Au Japon, les yôkai sont des entités surnaturelles échappant à tout contrôle de l’être humain et qui peuvent revêtir toute forme matérielle ou immatérielle. Dans l’esprit du peuple japonais, à l’origine, c’était des démons : les oni ou des fantômes : les obake ; mâtinés d’animisme qui donne une âme à tout : êtres et choses. Il a fallu attendre l’ère Edo, à partir de 1600, pour que les yokais, d’êtres épouvantables, deviennent des esprits à l’aspect ludique, notamment à travers la prolifération des estampes de l’ukiyo-e. Cela aboutit à les considérer d’un point de vue purement divertissant, en particulier à travers des ustensiles de la vie quotidienne comme des baguettes, des bols ou des théières… De ce fait, ces objets prennent un aspect mignon : « kawaii » plutôt qu’effrayant. C’est cet esprit-là qui se perpétue au travers des siècles et que l’on retrouve maintenant dans de nombreux films d’animation, mangas et séries.

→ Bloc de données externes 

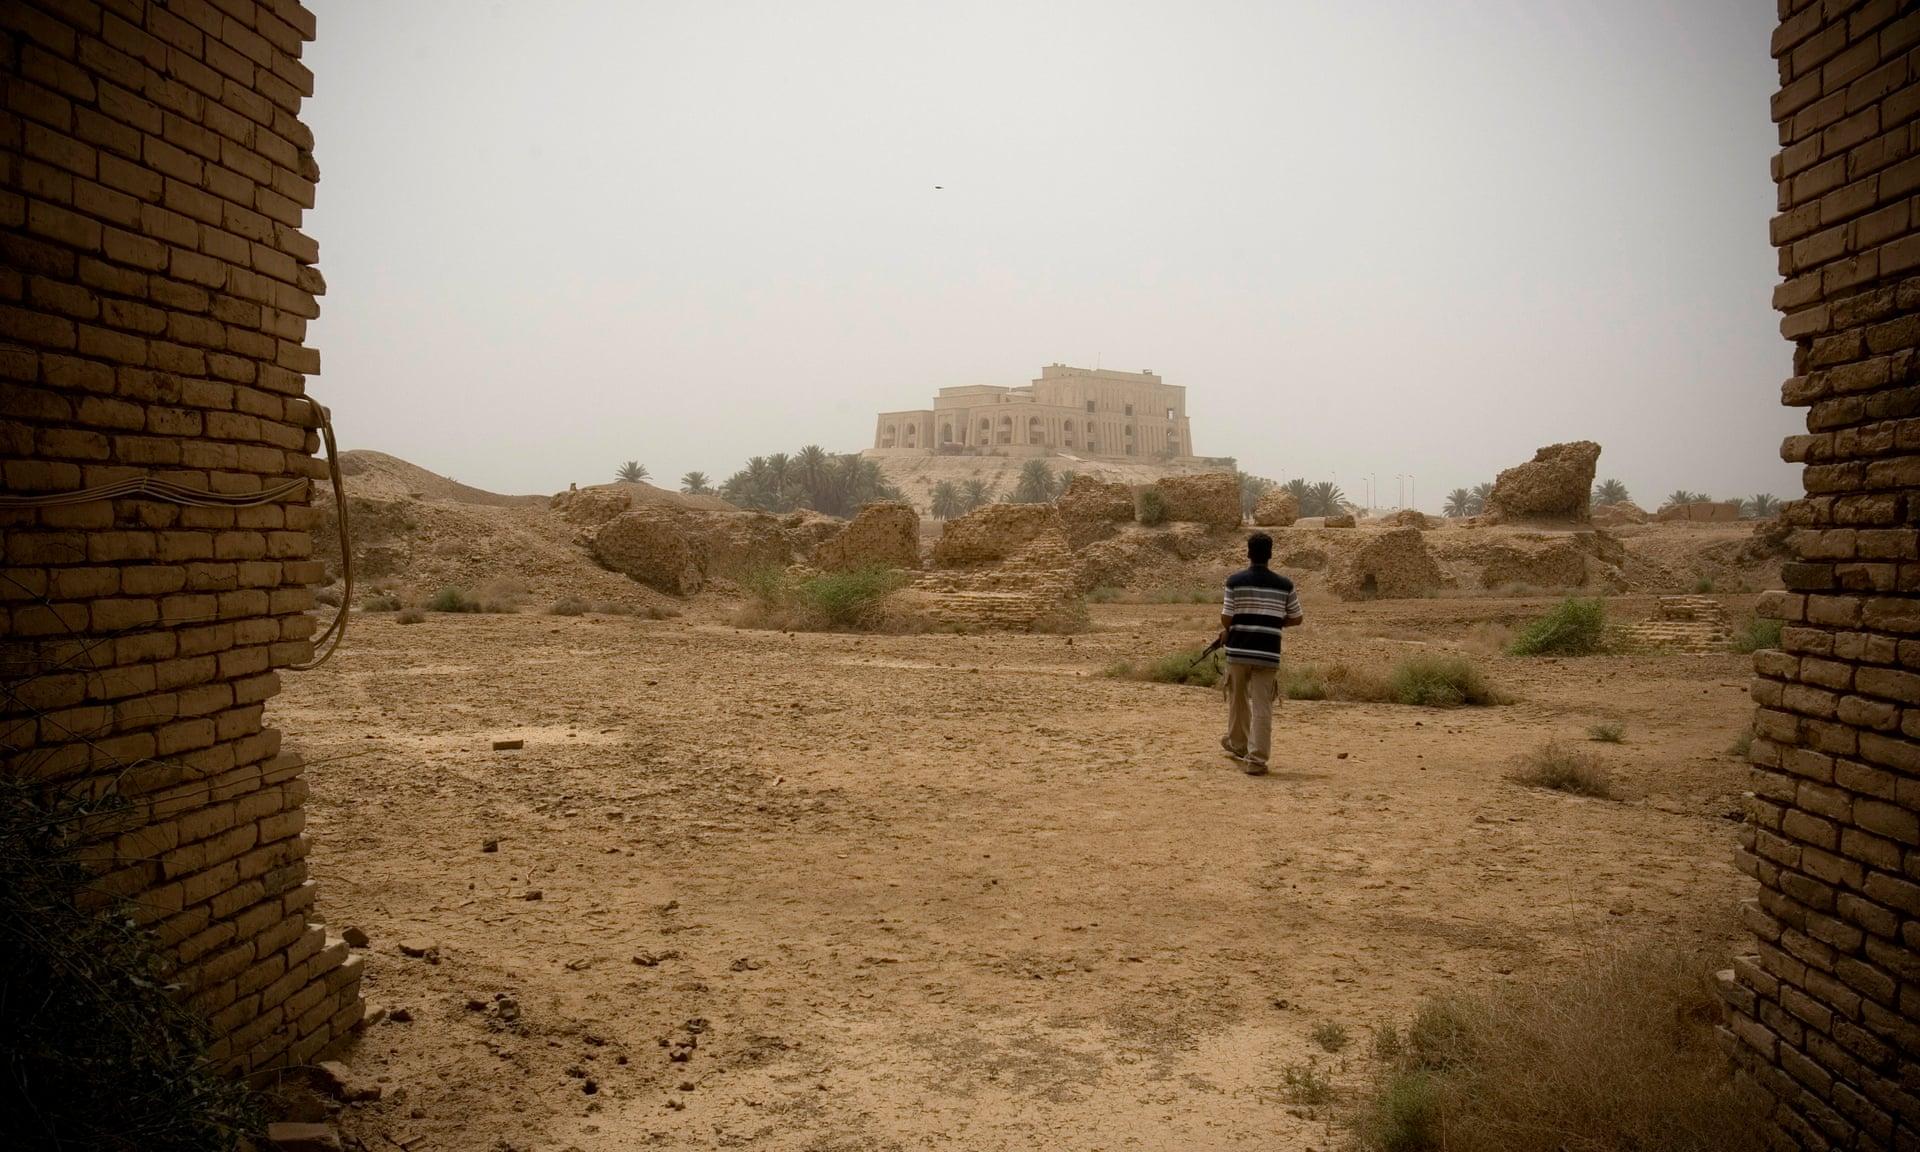 تم إعادة تشييد مدينة بابل التاريخية في عهد الرئيس العراقي الأسبق صدام حسين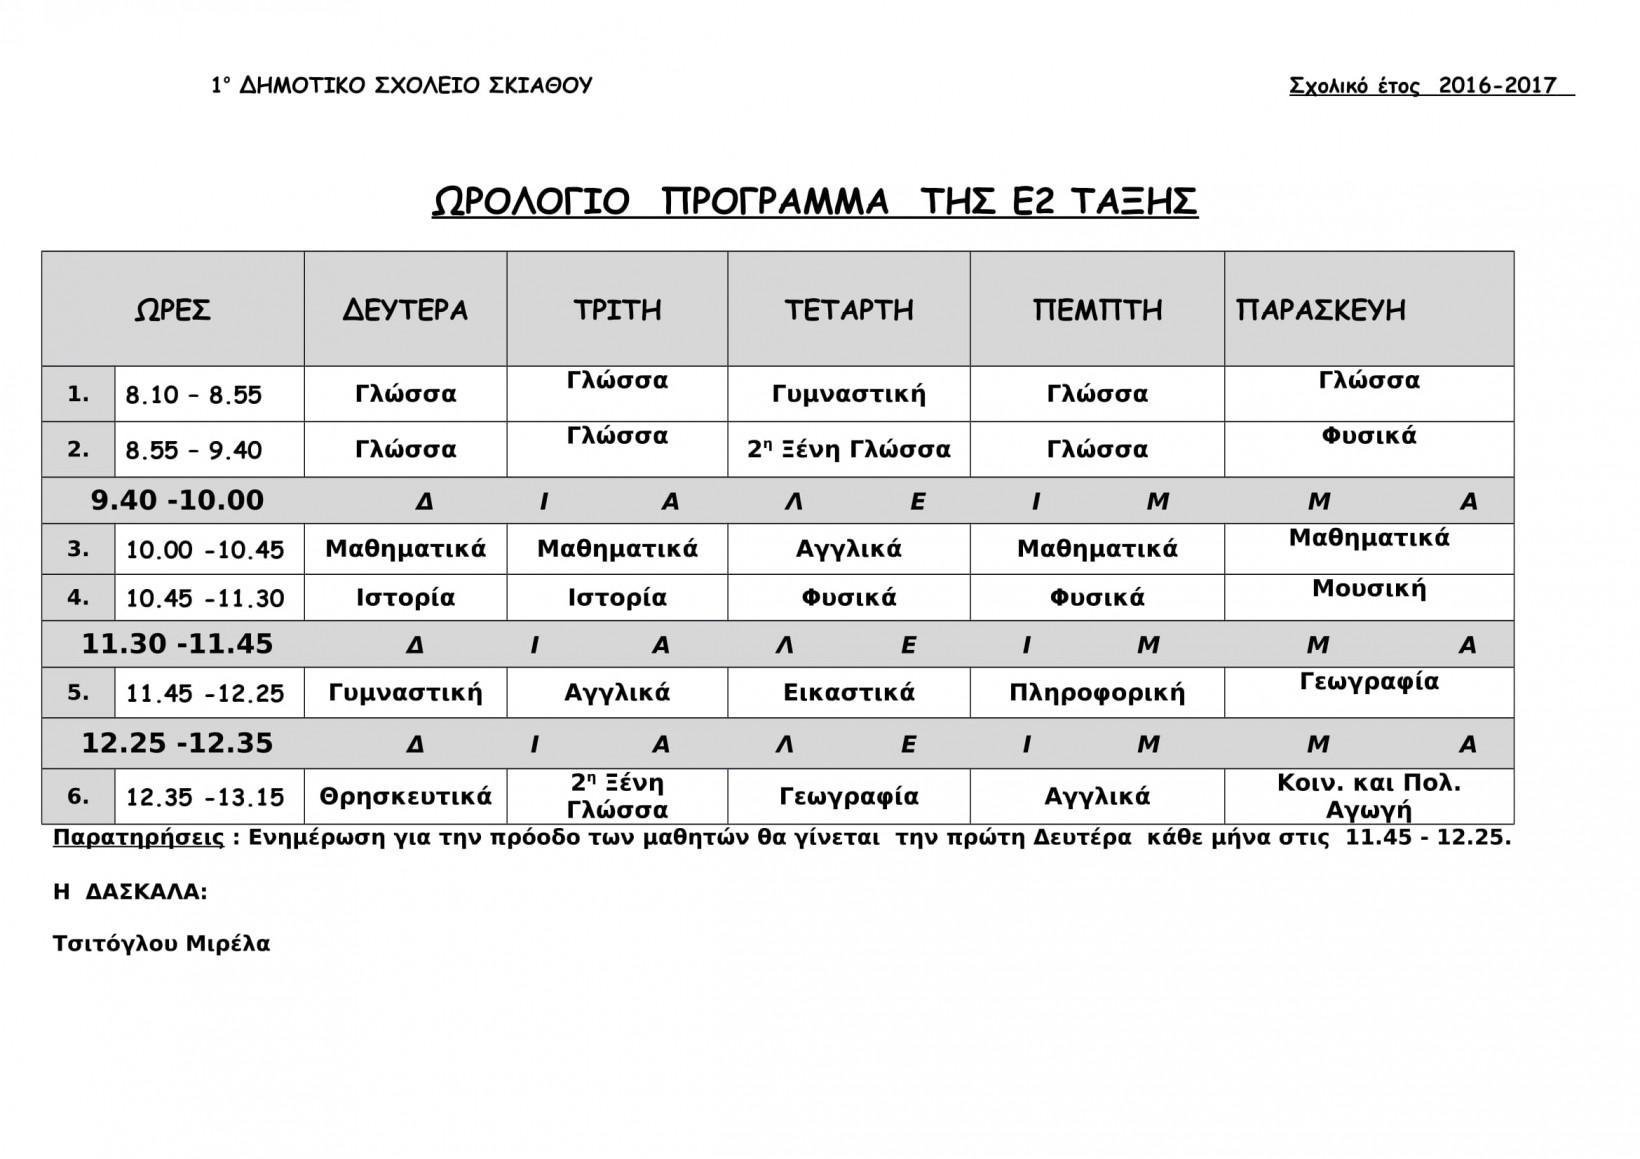 ΩΡΟΛΟΓΙΟ-ΠΡΟΓΡΑΜΜΑ-Ε23-1

Le livre de Brigitte Koyama-Richard rend bien compte de cette évolution au travers des premiers mythes débouchant sur les plus beaux contes et légendes de la tradition japonaise. D’histoires racontées aux origines, les artistes vont s’emparer pour fournir une des plus belles iconographies qui n’a rien à envier à celle des Bosch, Bruegel et autres peintres des enfers occidentaux ! C’est ce que nous montre l’auteur dans son introduction pour se tourner ensuite vers son fourmillant sujet. L’ouvrage contient, en effet, de multiple reproductions sur doubles pages ou pages entières de ces sujets protéiformes et montrent que tout est matière à yôkai. Les animaux de itô Jakuchù forment une paire de paravents illustrant l’éléphant et la baleine. Des êtres fantastiques tels les feu follets des renards d’Utagawa Hiroshige deviennent de véritables augures. Mais plus avant encore dans le fantastique, on peut admirer le mariage des bakemono de Sei Sei Kyôsai, rouleau enluminé racontant le mariage de deux jeunes yôkai suivis par une procession d’une cinquantaine de personnages tous plus extravagants et extraordinaires les uns que les autres !
C’est ce qui fait le bien-fondé de ce somptueux livre d’une richesse iconographique sans égal, accompagnée d’une recherche historique sans défaut et d’une analyse éclairante et pertinente. On saisit bien l’esprit nippon dans cette prolifération des « esprits » !
A mettre entre toutes les mains !
Camille DOUZELET et Pierrick SAUZON
Yôkai – Fantastique art japonais de Brigitte Koyama-Richard, nouvelles éditions Scala, 251 pages, 35€.